What the task asks: Exact copy, pictures excluded: write out every line below.

The data:
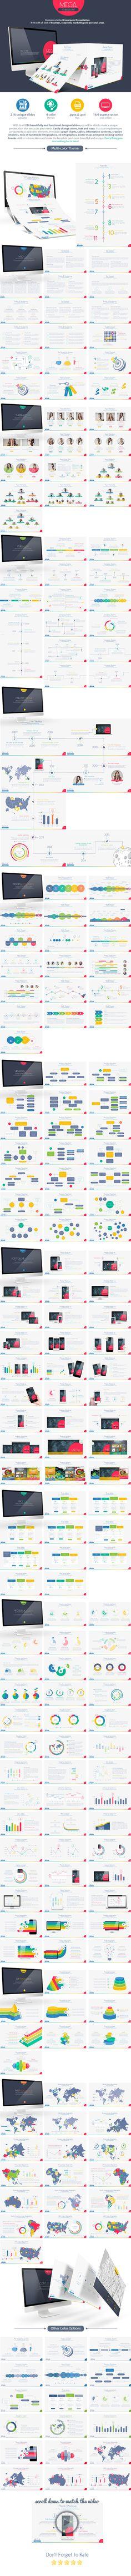 Mega Powerpoint Presentation (PowerPoint Templates)
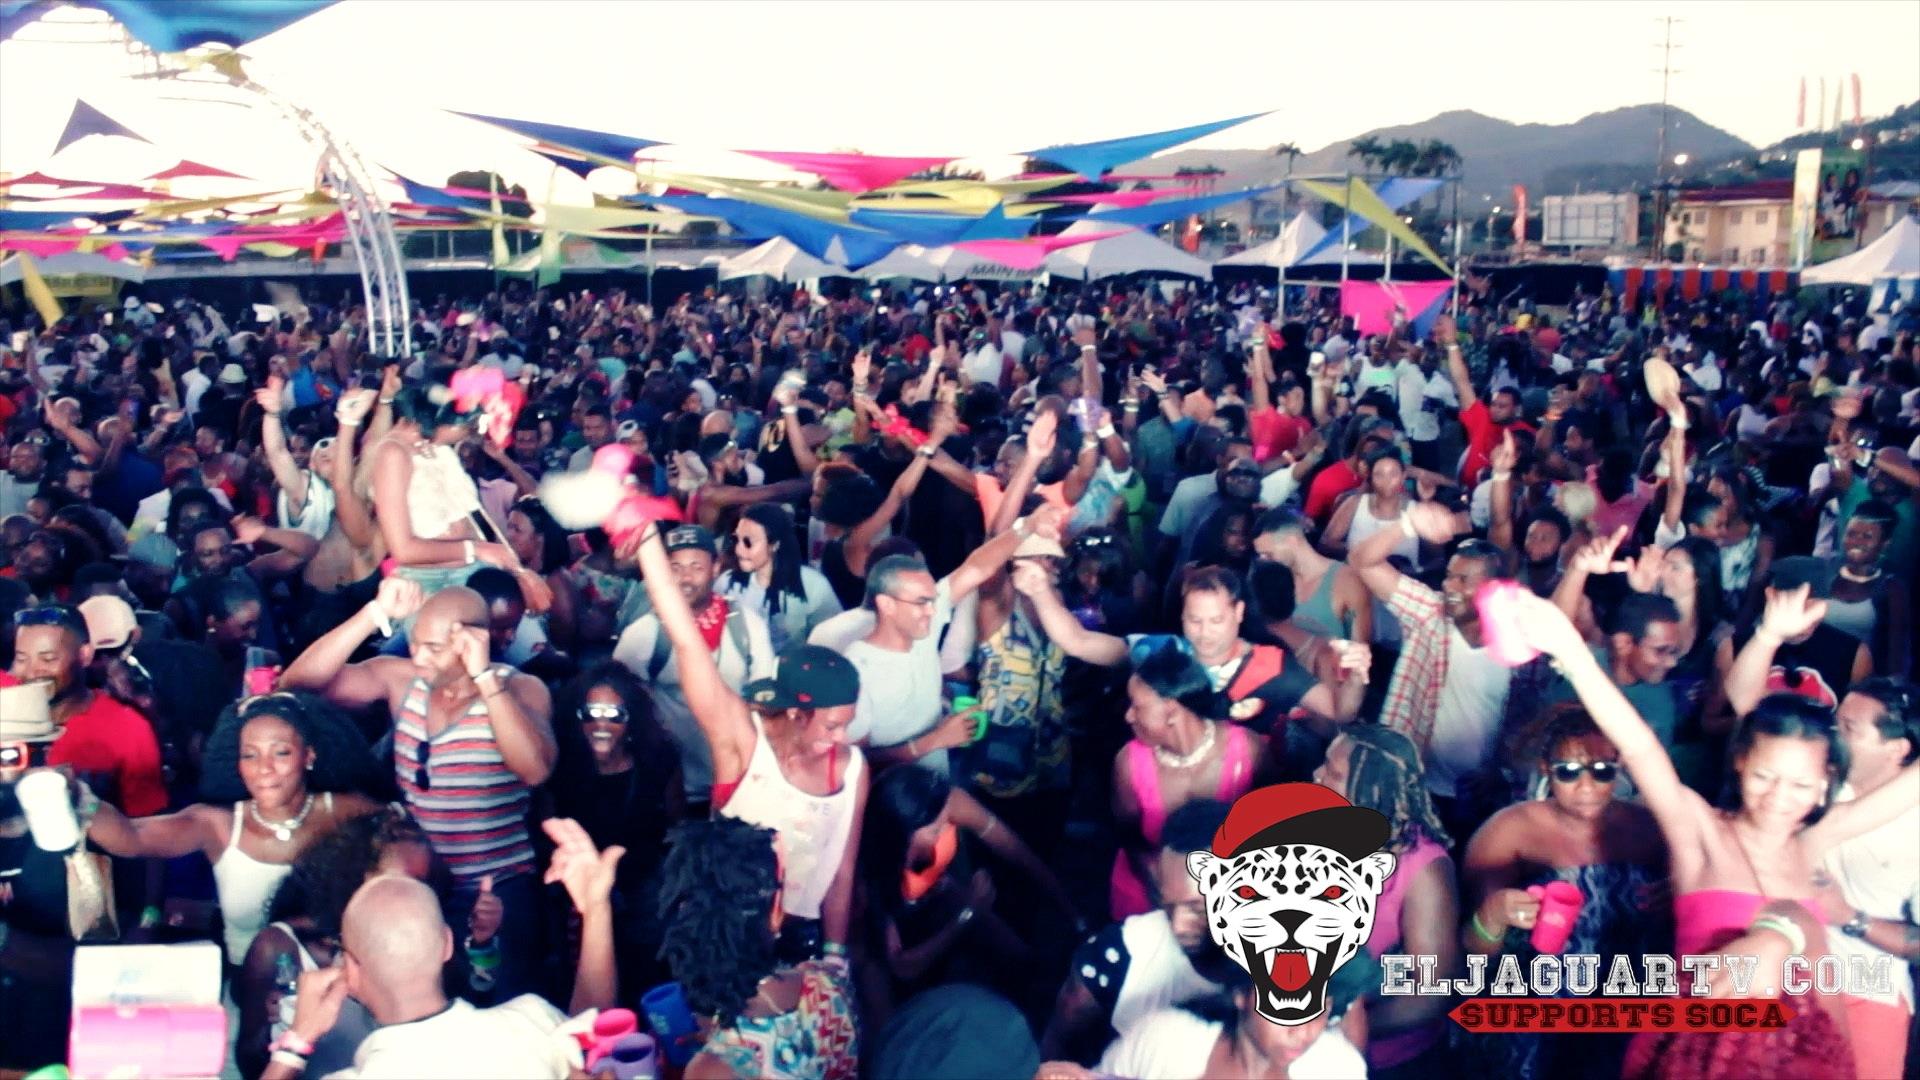 Trinidad Carnival 2015 ep 2 photo11.jpg
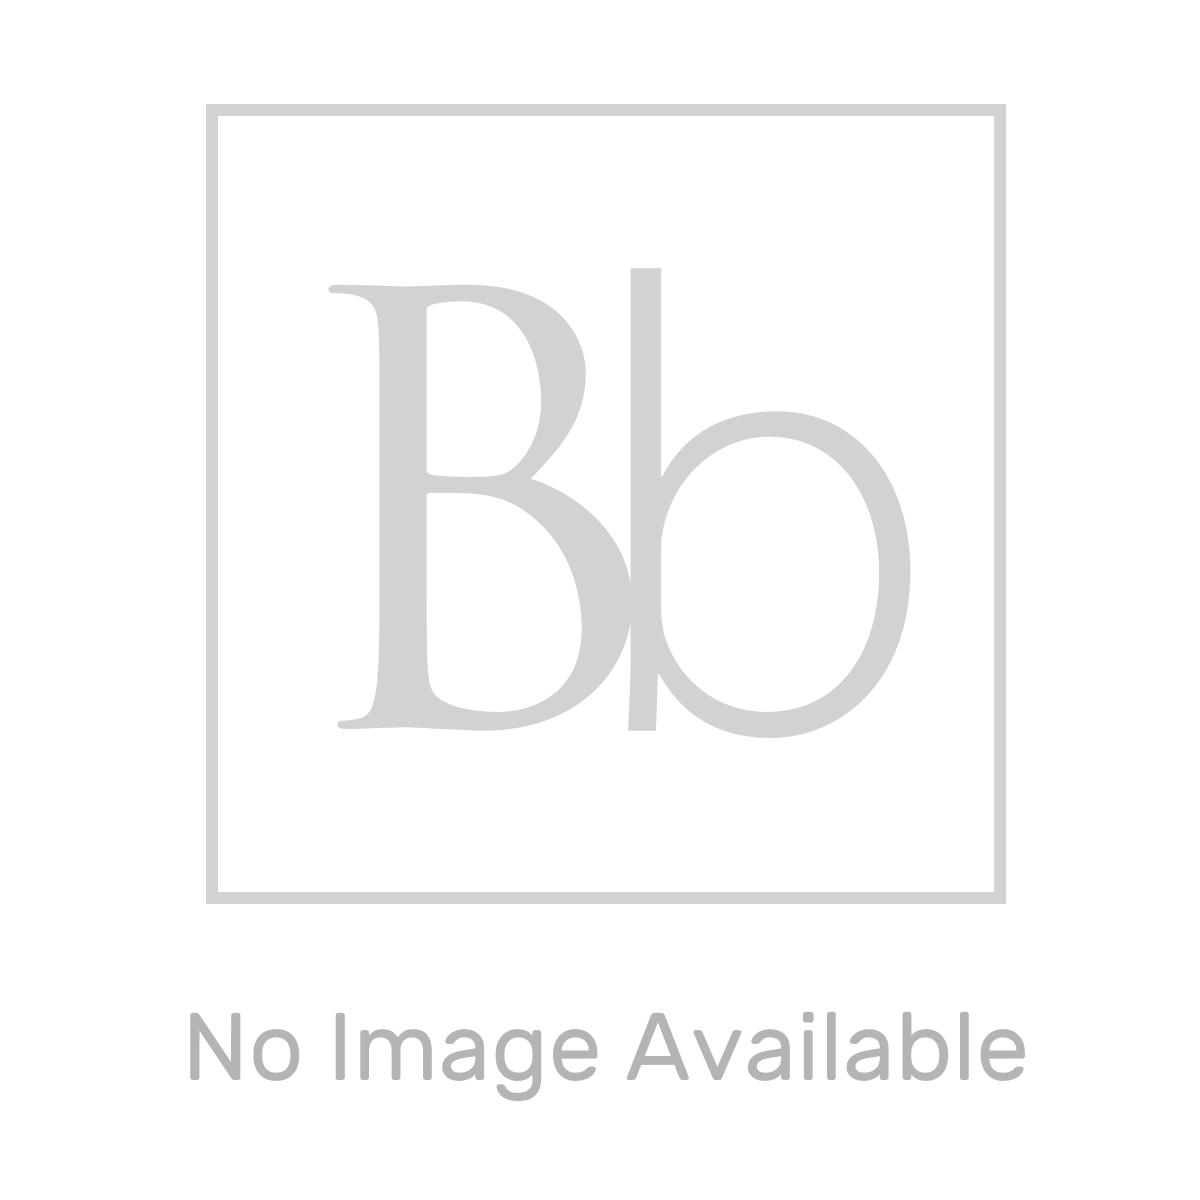 Elation Ikoma Pearl Grey Matt Mirror Unit 850mm Dimensions
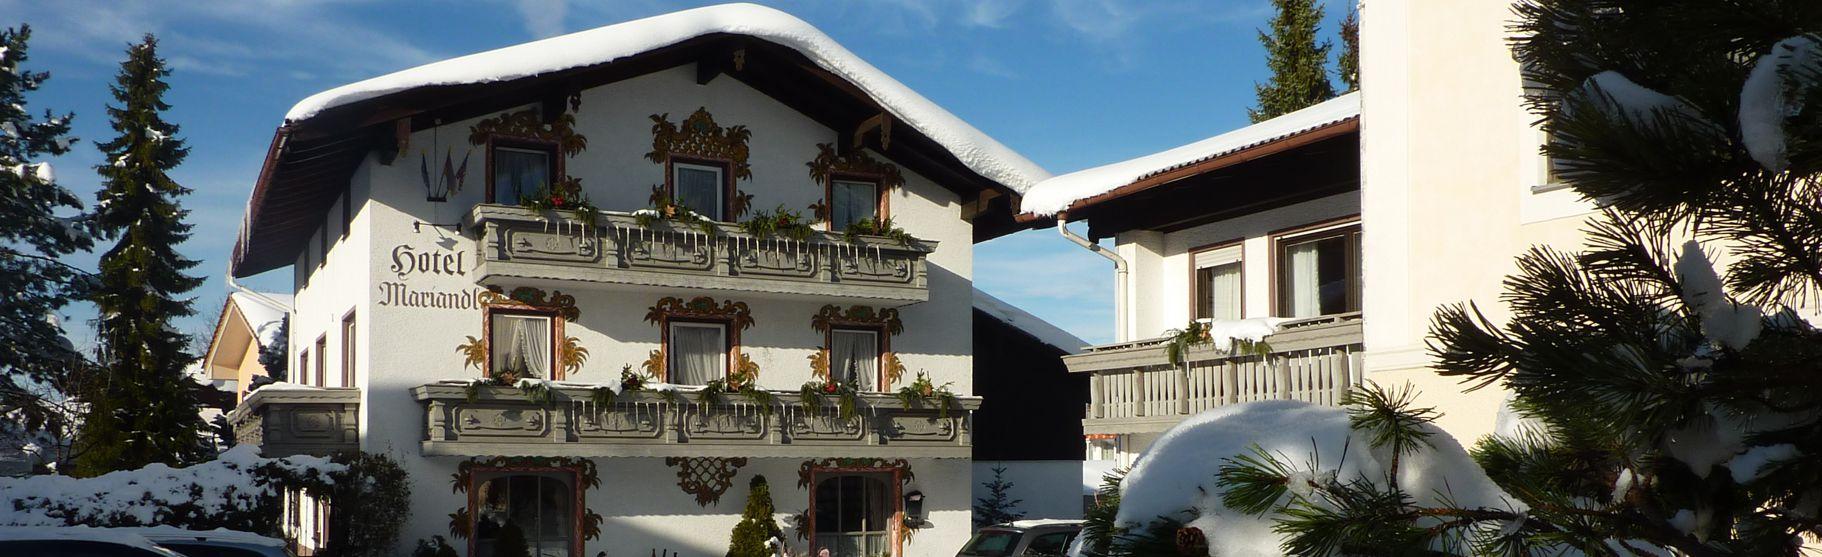 hotel-winter.jpg

Solved problem:
 Mega Powerpoint Presentation (PowerPoint Templates)
 Trinidad Carnival 2015 ep 2 photo11.jpg
 Elation Ikoma Pearl Grey Matt Mirror Unit 850mm Dimensions
 hotel-winter.jpg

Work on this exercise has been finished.